A well experienced psychologist, who coached Sungmin through many grueling sessions of therapy in high school, would, years later, sit before a jury and give a detailed explanation on the notes he’d taken the previous years that would back up all theories that were being questioned. When asked to give a short summary of highlighted importance, the psychologist would have to say:
Lee Sungmin was oppositional. Not even Sungmin’s mother could understand what caused this sort of rebellion, but her son had been this way since boyhood. If asked or told to do one thing, Sungmin would agree but turn around and do quite the opposite. This came known as a problem when Sungmin was seventeen and set fire to the chemistry lab at the local high school after the teacher had warned him not to play with the Bunsen burner.
Lee Sungmin was childish. Despite the behavior emitted by him, everyone that knew Sungmin could see that he was easily amused and had the seemingly innocence of a young child. And like many mentally ill people before him, Sungmin used this to his advantage to get out of trouble for years before people began to question his mental stability.

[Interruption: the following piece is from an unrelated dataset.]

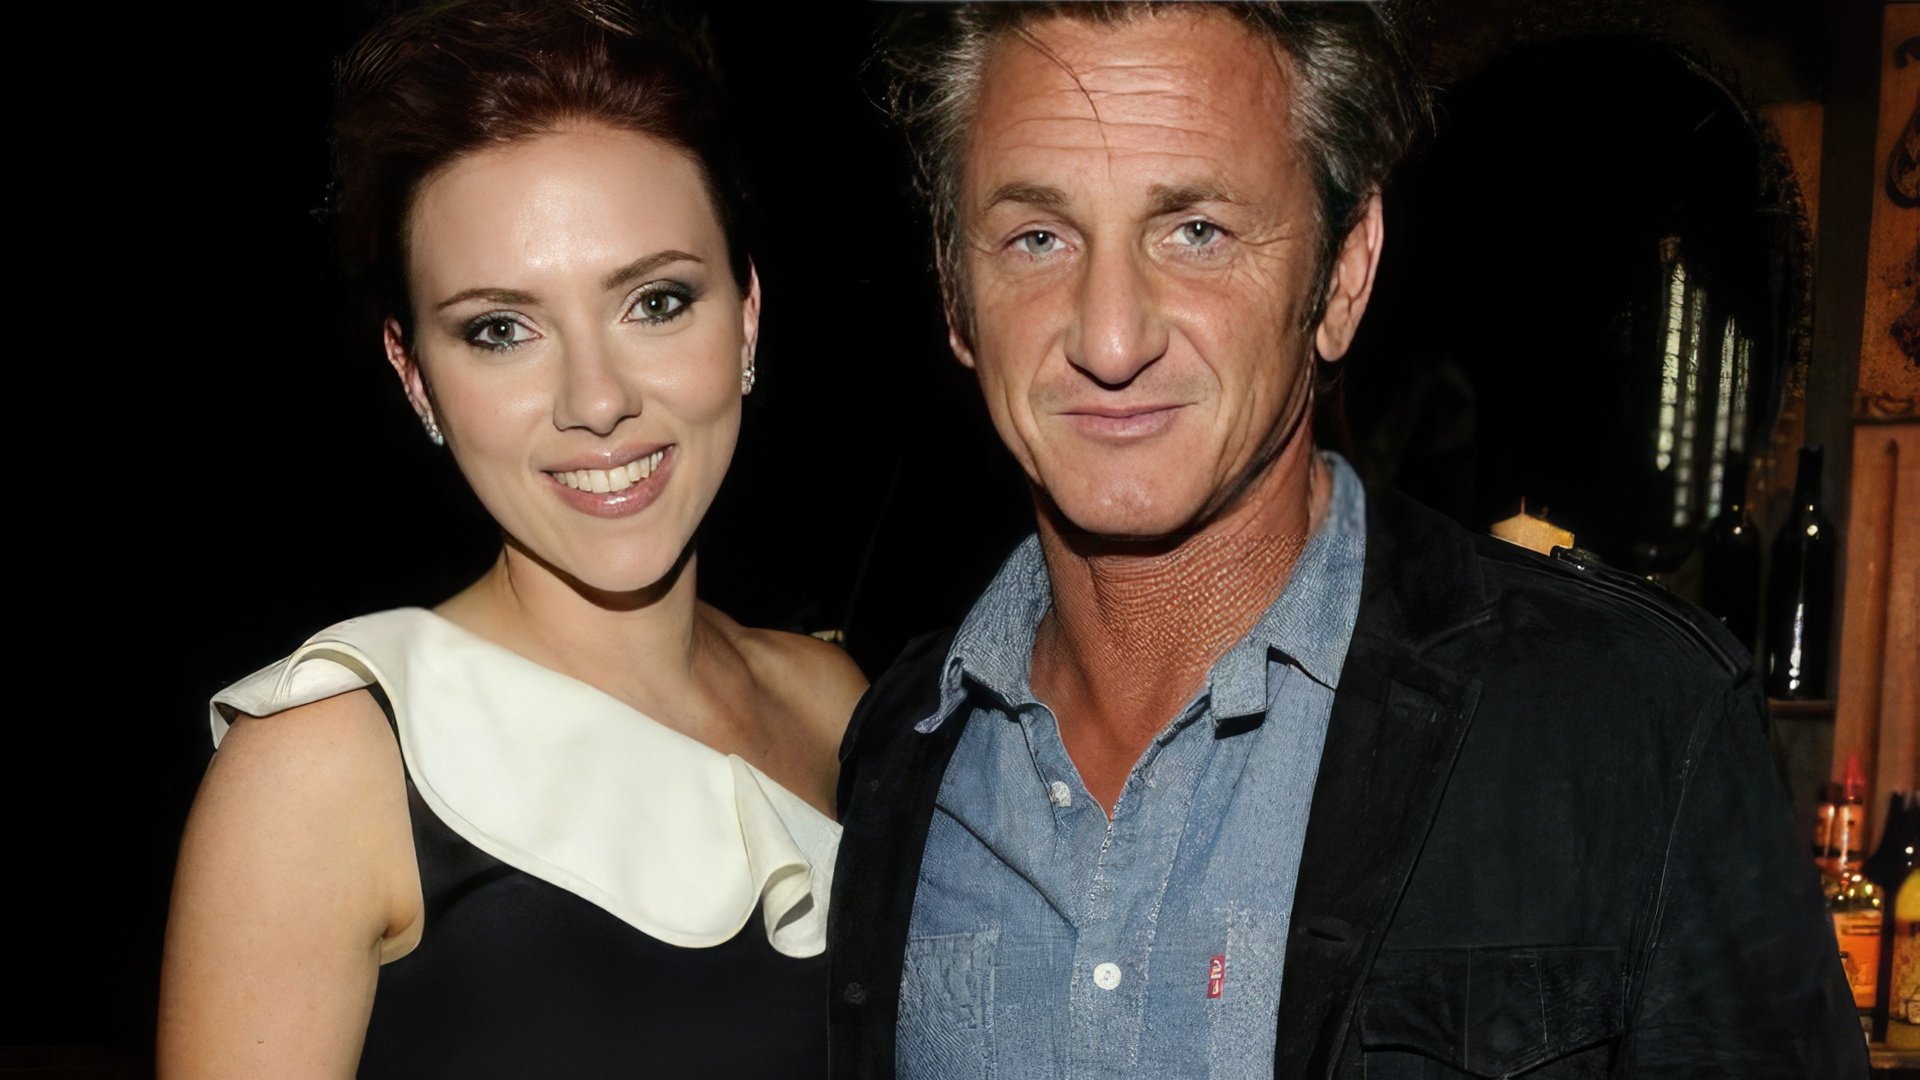 Scarlett Johansson and Sean Penn’s love affair was short

Lee Sungmin had a warped sense of humor. Sungmin laughed at inappropriate situations and times. When a pregnant woman fell down the stairs at the mall, Sungmin had laughed himself silly and had been banned from entering the store again. The idea of others getting hurt was fascinating and amusing to him, which made the psychologist also render him as a sadist.
Lee Sungmin felt no attachment to anything. There wasn’t much that could be said about this, it was self-explanatory. Sungmin had never carried around a teddy bear or blanket when he was a child, nor had he been difficult to wean of the pacifier. He’d never lasted in relationships for longer than a month, and friendship was the same. When Sungmin’s parents passed away in a car accident before he graduated high school, the boy had not even shed a tear; his aunt had to threaten him to go to their funeral. Months later, the same aunt turned missing and was never found.